*** Begin section ***

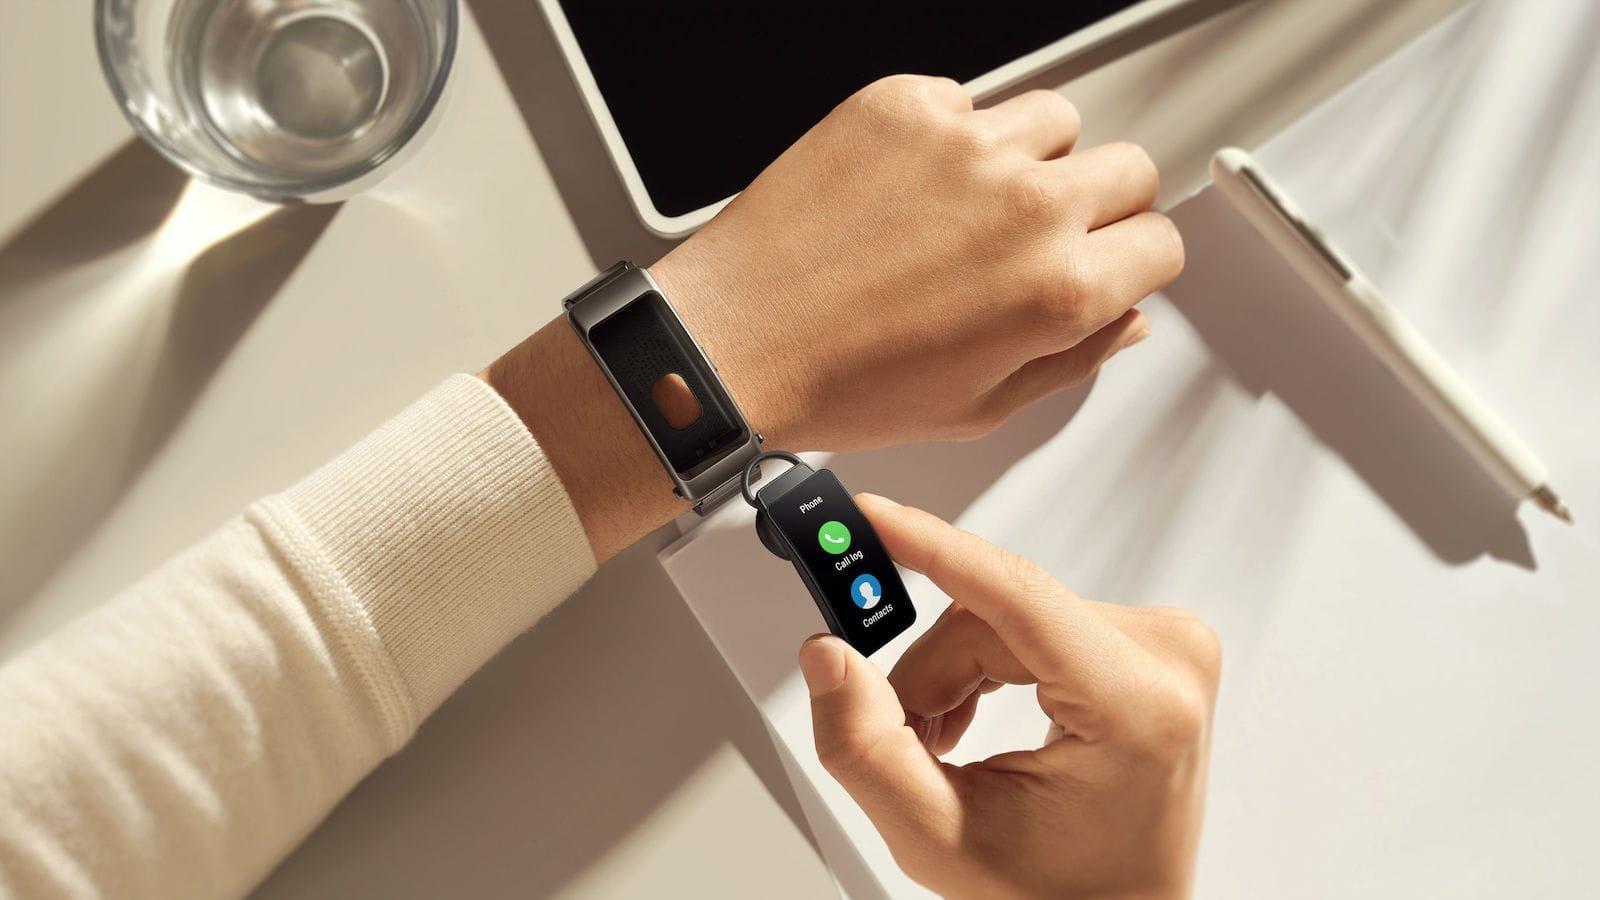 Huawei TalkBand B6 smart activity tracker features a detachable Bluetooth earphone
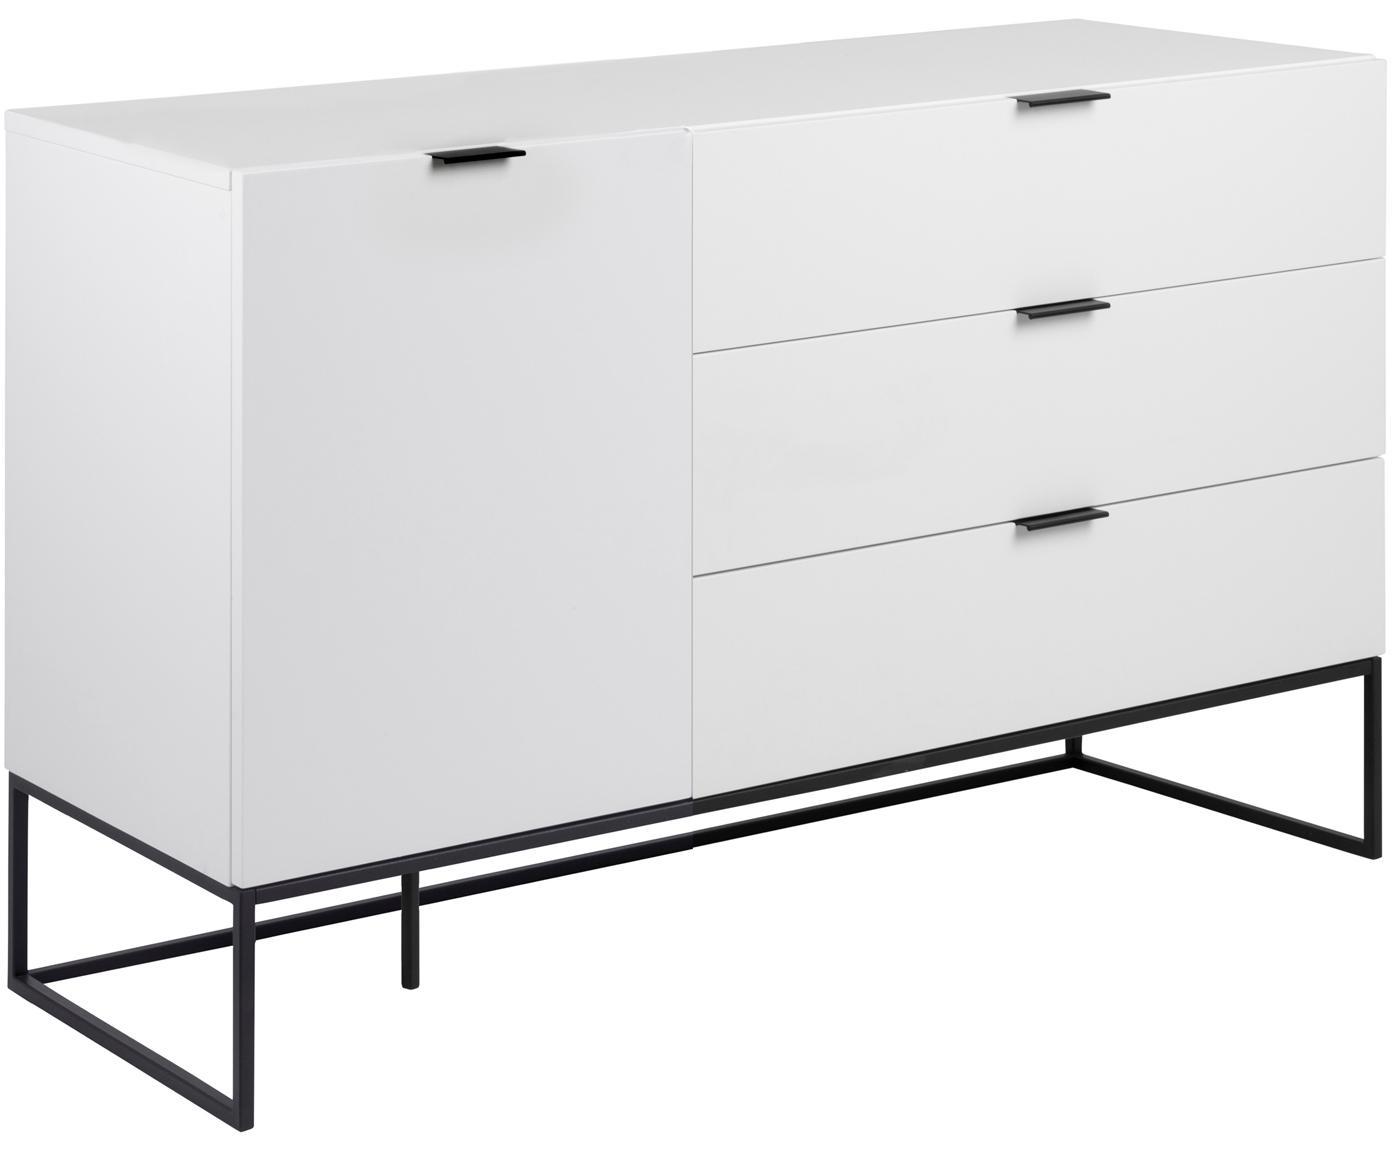 Aparador cajonera Kobe, Blanco, negro, An 134 x F 45 cm
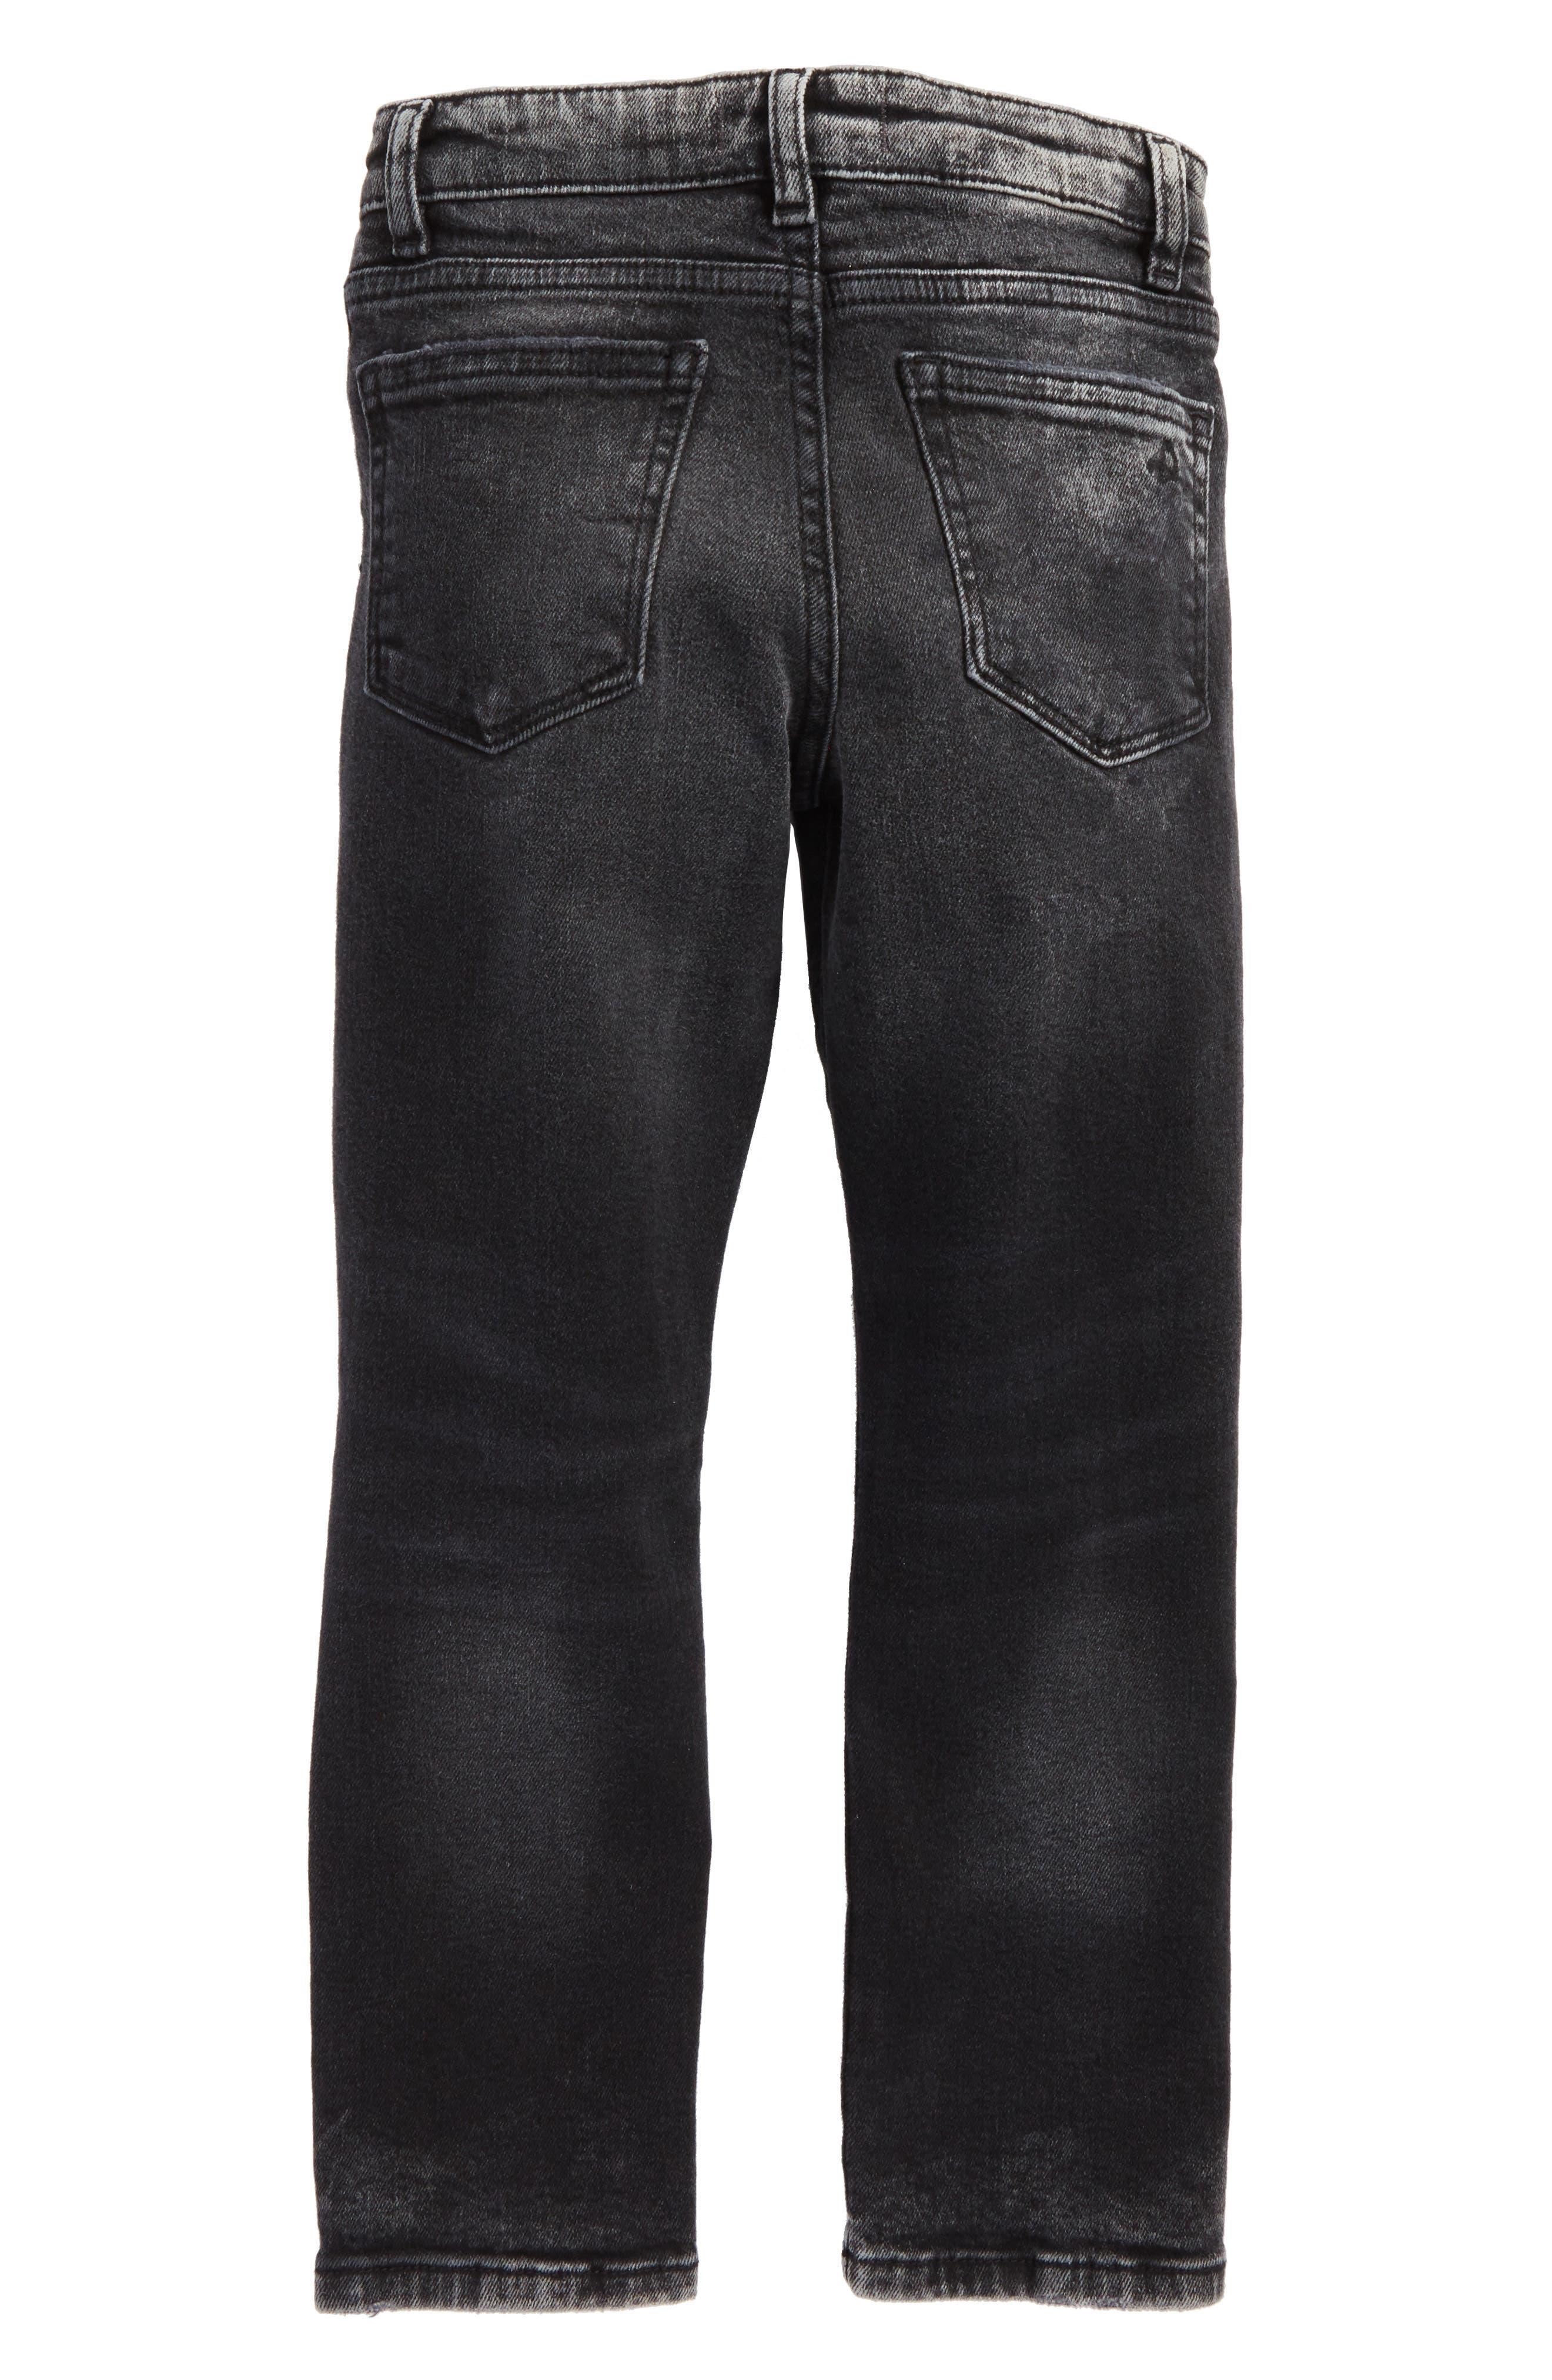 Hawke Skinny Jeans,                             Alternate thumbnail 2, color,                             020

*** End section ***

_Task to carry out_
Write out the data once more exactly, omitting the pictures.

_Response to this exercise_
 Huawei TalkBand B6 smart activity tracker features a detachable Bluetooth earphone
 Aparador cajonera Kobe, Blanco, negro, An 134 x F 45 cm
 Hawke Skinny Jeans,                             Alternate thumbnail 2, color,                             020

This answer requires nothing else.